There is no serious argument to support the gloomy prediction that the Pinochet affair will destroy Chilean democracy. The opposite is true, as the New York Times has recently shown in a report on the state of justice in the country. The prosecution of Pinochet in Spain has seen a revival of legal initiatives in Chile against the crimes and abuses committed during the dictatorship, and in the last twelve months twenty-six officers accused of these crimes have been imprisoned after court cases. This is a very clear demonstration that Chilean judges have a greater willingness and freedom to act on this issue now that the obstacle to the normal development of justice – the presence of the ex-dictator,
who, as a senator elected for life to one of the ruling bodies of the Chilean state, cannot be impeached – has been removed.
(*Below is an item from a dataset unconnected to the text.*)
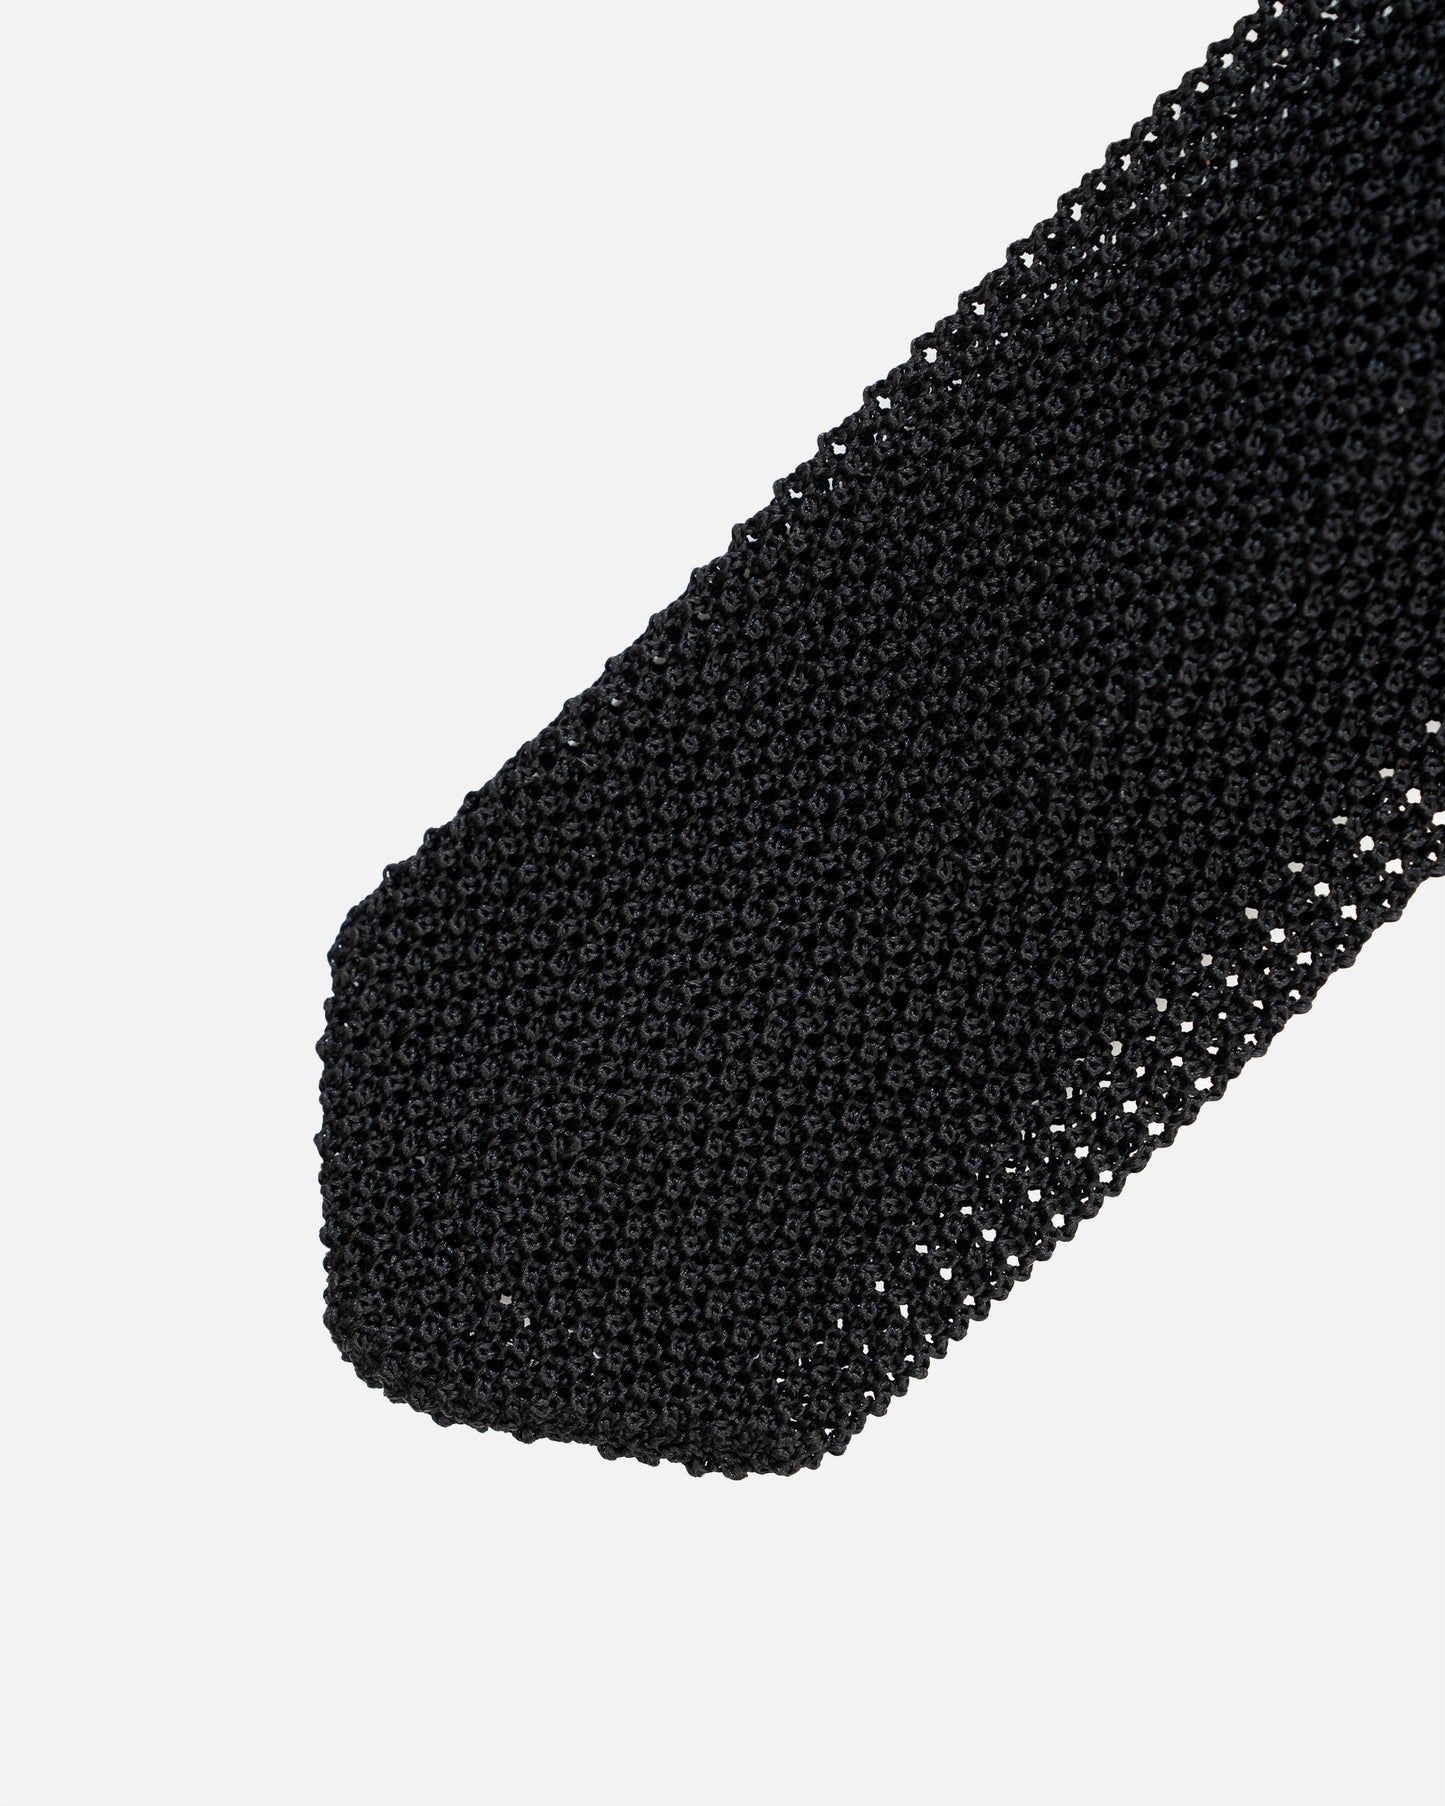 The Decorum Knit Tie in Black

Instead of weakening democracy, international action against Pinochet is helping to complete and accelerate the democratisation process that is already firmly rooted in Chile.
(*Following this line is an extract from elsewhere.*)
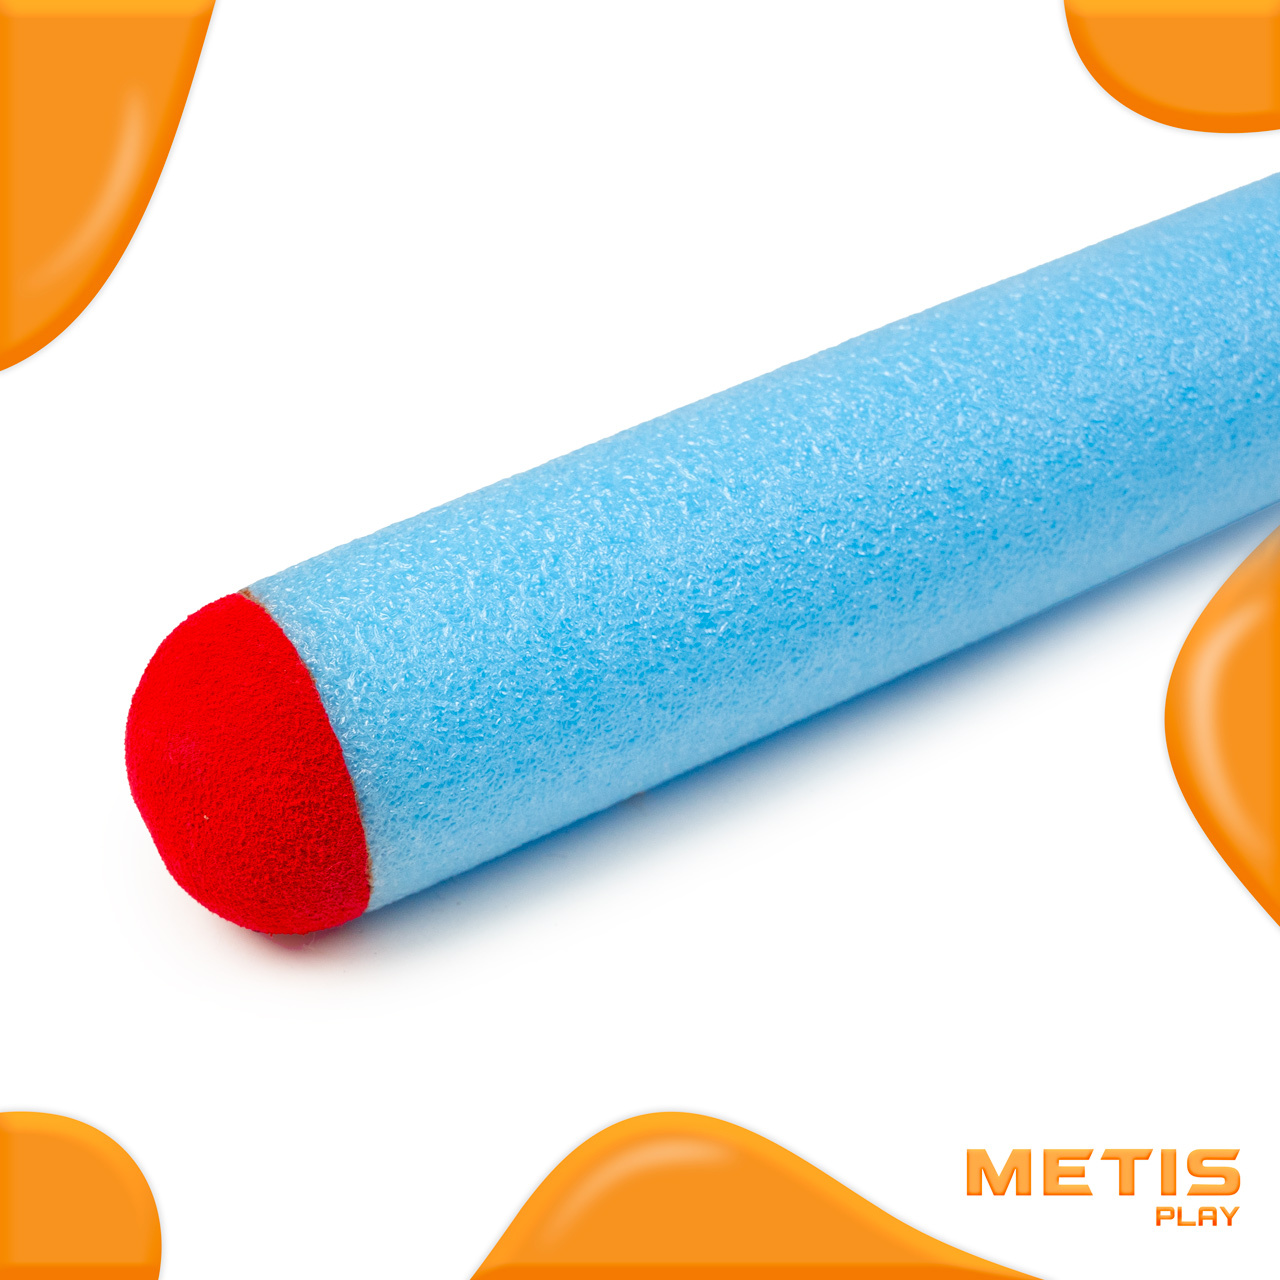 METIS Play Foam Javelins [45cm/85cm] [Size:: 45cm Javelin]

Another objection to the prosecution of Pinochet by Judge Baltazar Garzón is based on nationalism: the violation of national sovereignty implied in judging the ex-dictator outside his own country. This is an extraordinarily anachronistic argument which ignores the current historical moment of globalisation, the systematic erosion of borders and of the nineteenth-century concept of the nation state. The economy has led the great modern onslaught against this narrow and exclusive view of sovereignty, which is incompatible with the interdependence that the development of science, technology, information, commerce and culture has established between all the societies of the world at the end of the twentieth century. Why should justice be excluded from this general process of internationalisation of contemporary life? In fact, it is not excluded. No one objects if common criminals, drug-runners or smugglers are prosecuted and sentenced outside their ‘countries’; quite the reverse – it is normal for governments to seek the joint action of other countries against their criminals (for example, with regard to terrorism). Why should crimes and abuses against human rights be a separate case? Are these crimes less serious from an ethical or legal point of view?